The sample mixes clean and noisy supplier names along with imperfect location spellings. The priority-based helper shows how multiple raw columns can be evaluated without duplicating logic.


In [None]:
raw_shipments = pd.DataFrame(
    [
        {
            "tms_id": 1,
            "consignee_name": "Huebner GmbH",
            "fallback_name": "Hubner",
            "loading_city": "Amsterdam",
            "consignee_city": "Hannover",
        },
        {
            "tms_id": 2,
            "consignee_name": "DB",
            "fallback_name": "Deutsche Bahn AG",
            "loading_city": "Paris",
            "consignee_city": "Berlin",
        },
        {
            "tms_id": 3,
            "consignee_name": "   ALSTOM  transport  ",
            "fallback_name": "Alstom",
            "loading_city": "Lisboa",
            "consignee_city": "Madrid",
        },
        {
            "tms_id": 4,
            "consignee_name": None,
            "fallback_name": "Knorr-Bremse",
            "loading_city": "Munich",
            "consignee_city": "Vienna",
        },
    ]
)
raw_shipments


## Normalize supplier names

`guess_supplier_name_from_priority` is used to evaluate the preferred and fallback supplier name columns. The function leverages `utils_data_cleansing.apply_rule` under the hood when rules are provided.


In [None]:
raw_shipments["normalized_consignee"] = raw_shipments.apply(
    lambda row: guess_supplier_name_from_priority(
        [row["consignee_name"], row["fallback_name"]],
        known_suppliers,
        rules=rules,
        min_score=0.65,
    ),
    axis=1,
)
raw_shipments[["tms_id", "consignee_name", "fallback_name", "normalized_consignee"]]


## Geolocate shipment endpoints

The geolocation helper returns coordinates for normalized place names.
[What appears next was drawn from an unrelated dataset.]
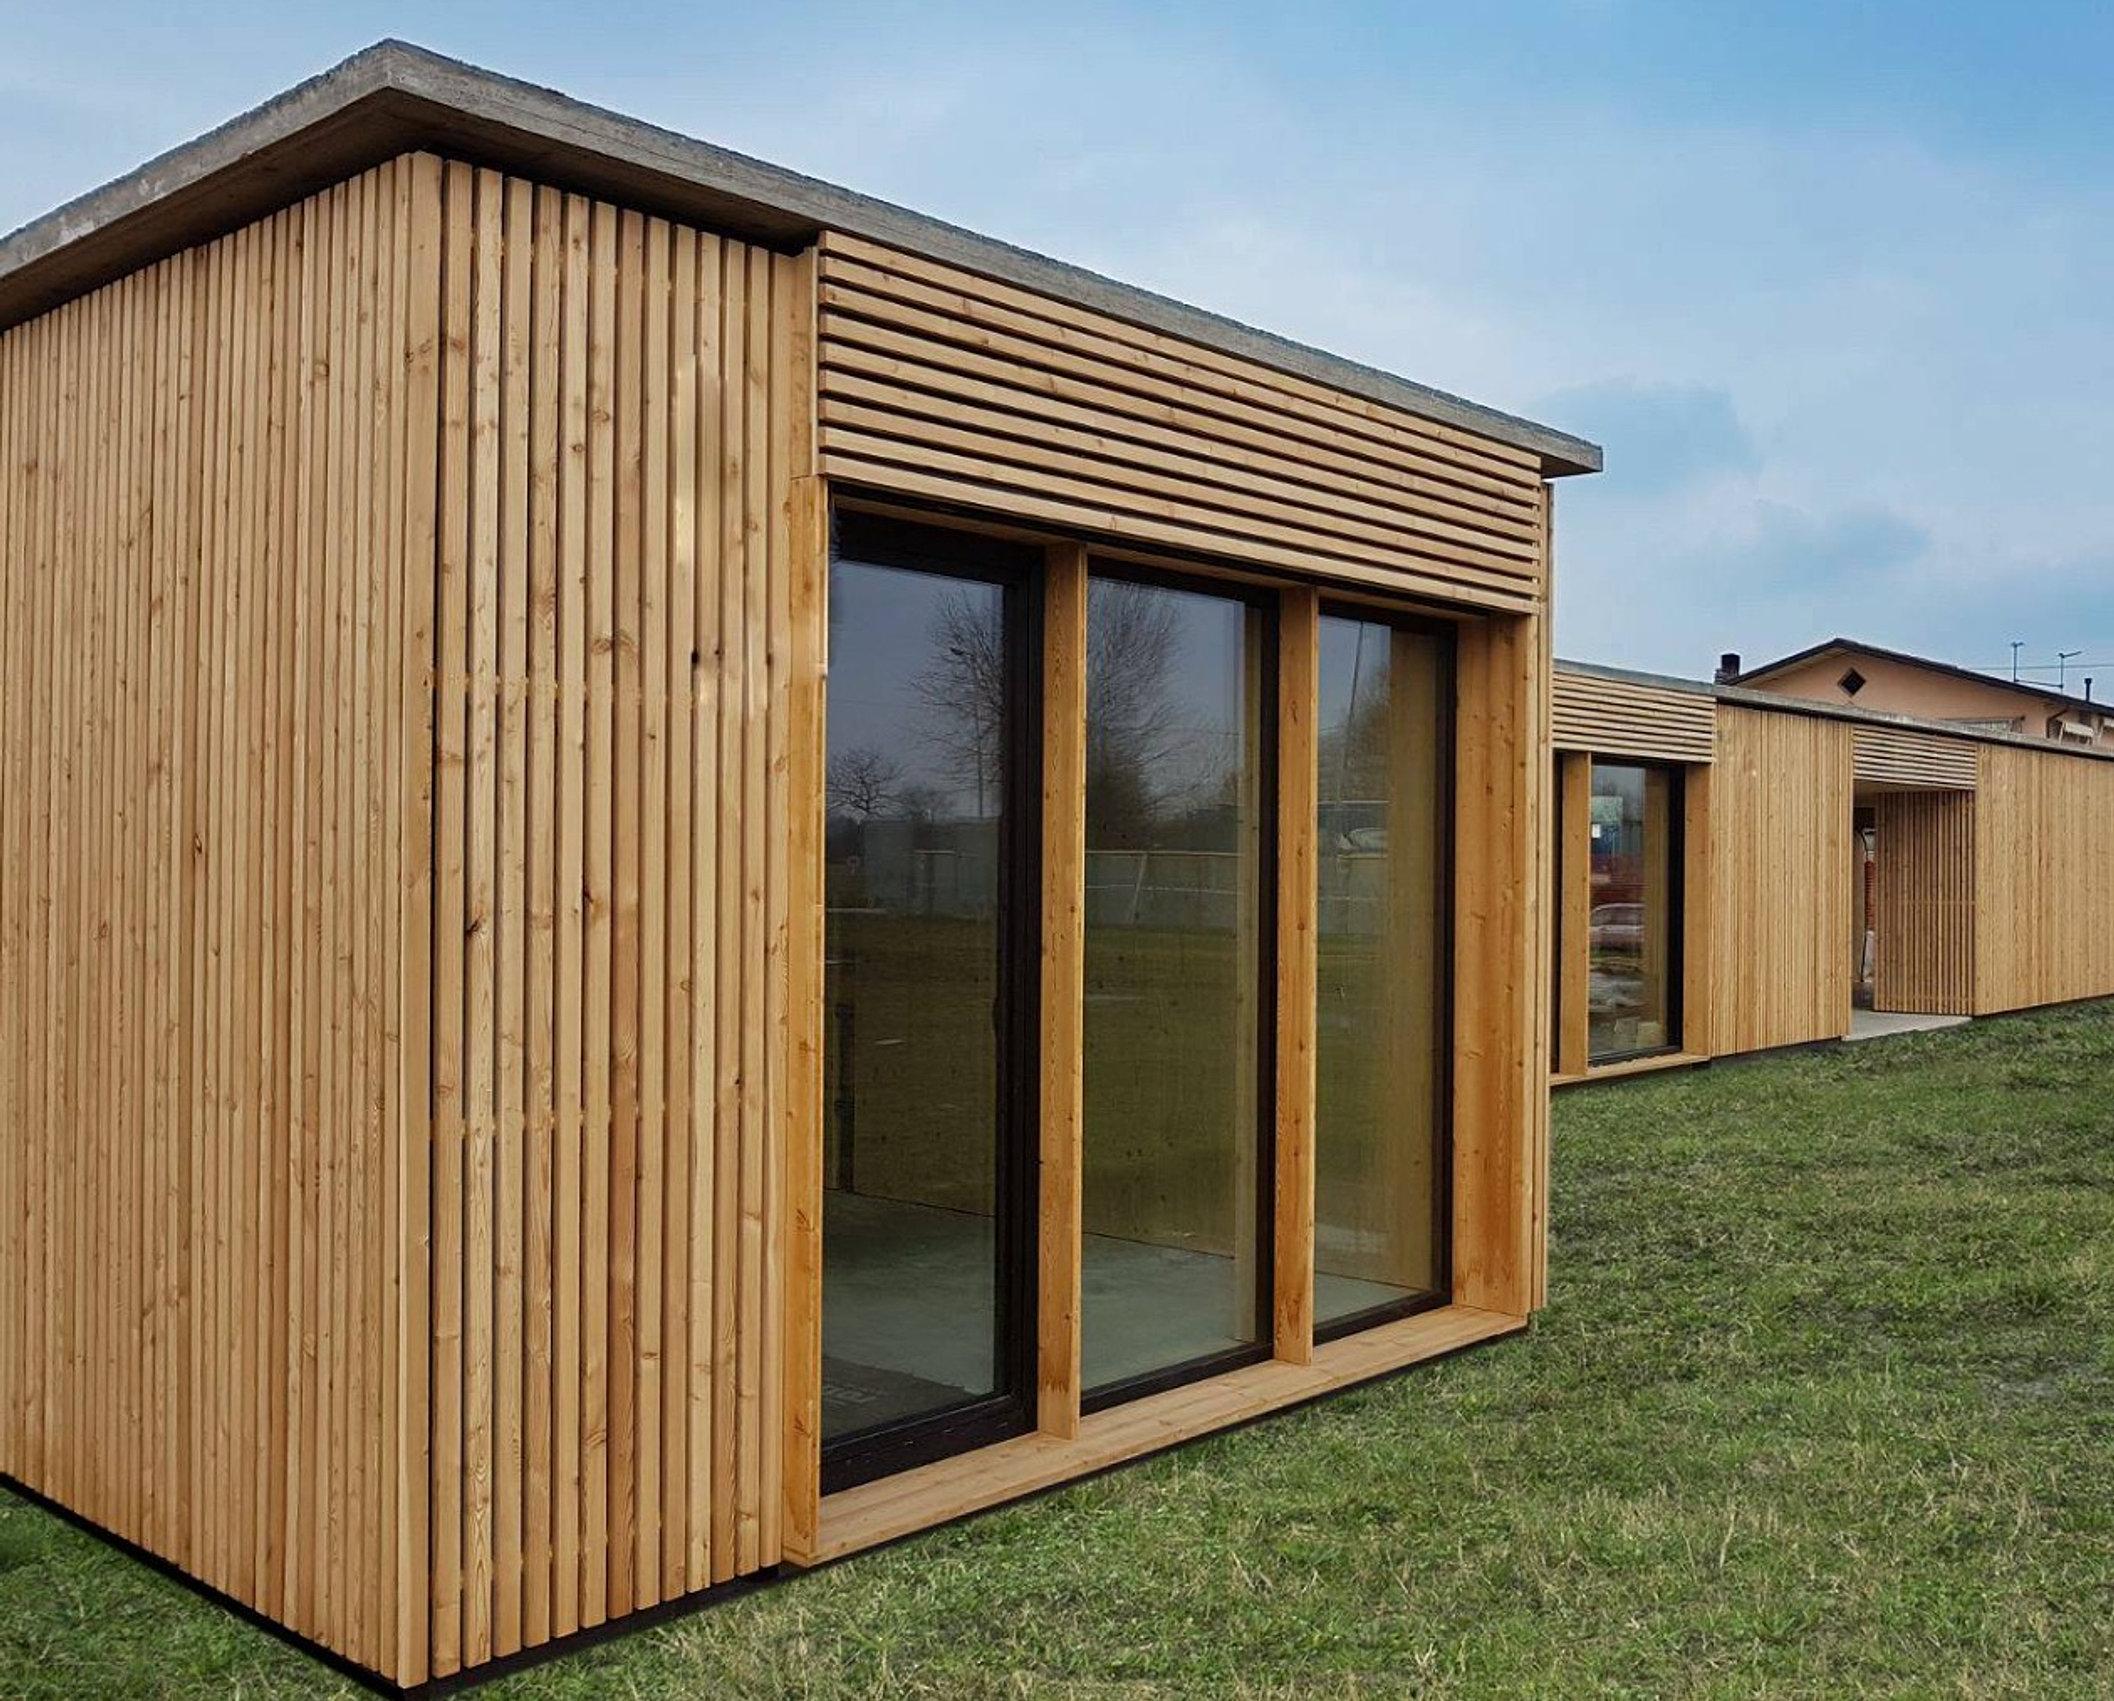 Prima casa passiva la tua casa passiva prefabbricata in - Conviene costruire casa prefabbricata ...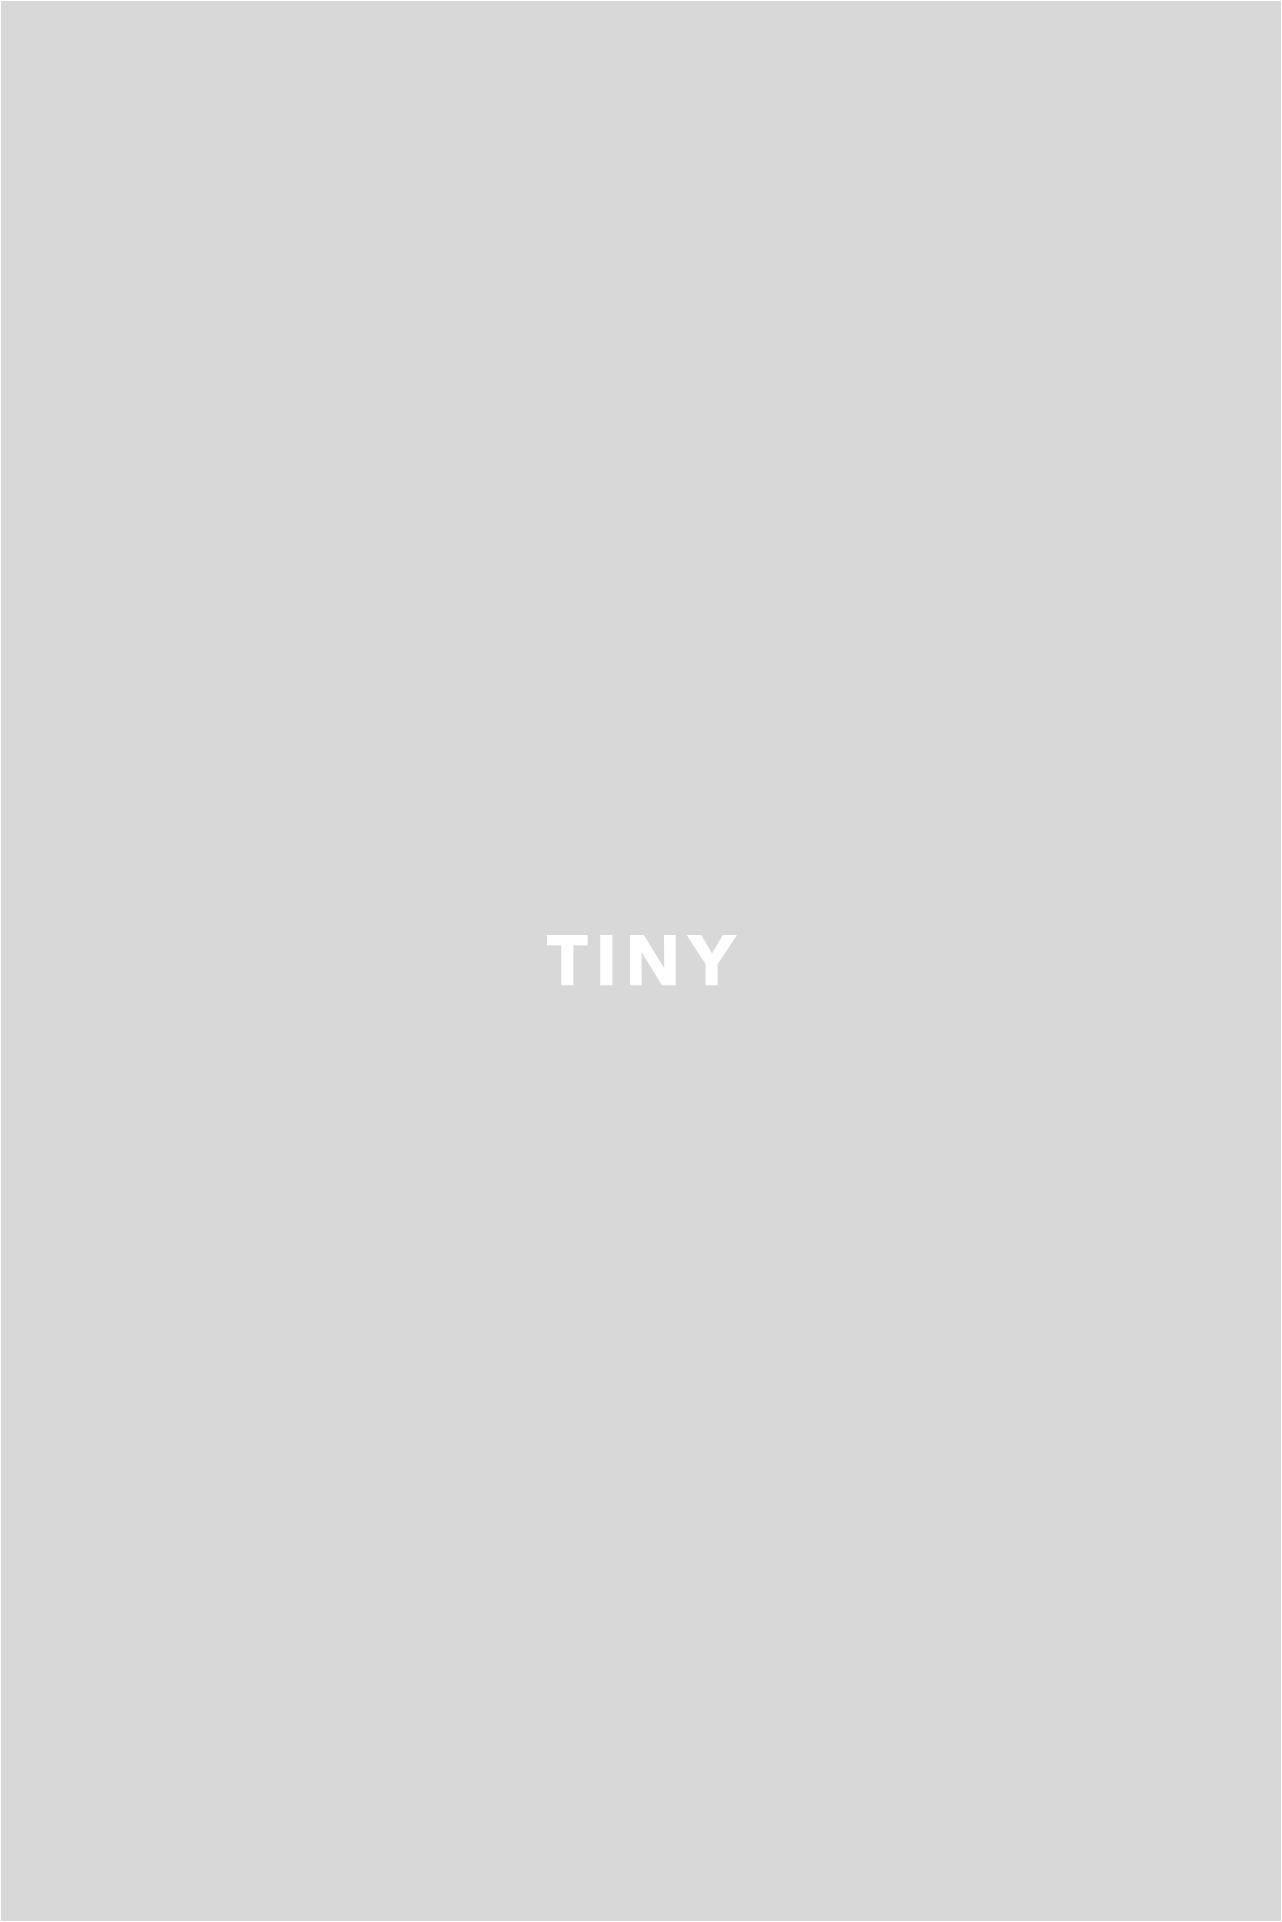 Hot Dog Van

A default of `[0.0, 0.0]` is used when a city is missing from `geoloc.yml`, and warnings from the loader can be logged or inspected separately.


In [None]:
raw_shipments["pickup_coords"] = raw_shipments["loading_city"].apply(
    lambda name: get_geoloc(name, geoloc_rules, default_return=[0.0, 0.0])
)
raw_shipments["delivery_coords"] = raw_shipments["consignee_city"].apply(
    lambda name: get_geoloc(name, geoloc_rules, default_return=[0.0, 0.0])
)

# Split the coordinate pairs into separate columns for easier analysis
raw_shipments[["pickup_lat", "pickup_lon"]] = pd.DataFrame(
    raw_shipments["pickup_coords"].tolist(), index=raw_shipments.index
)
raw_shipments[["delivery_lat", "delivery_lon"]] = pd.DataFrame(
    raw_shipments["delivery_coords"].tolist(), index=raw_shipments.index
)

raw_shipments[
    [
        "tms_id",
        "loading_city",
        "pickup_lat",
        "pickup_lon",
        "consignee_city",
        "delivery_lat",
        "delivery_lon",
    ]
)


## Next steps

This scaffolded pipeline can be expanded to include distance calculations, clustering, and cost analytics from the original analysis by reusing the normalized names and coordinates produced above.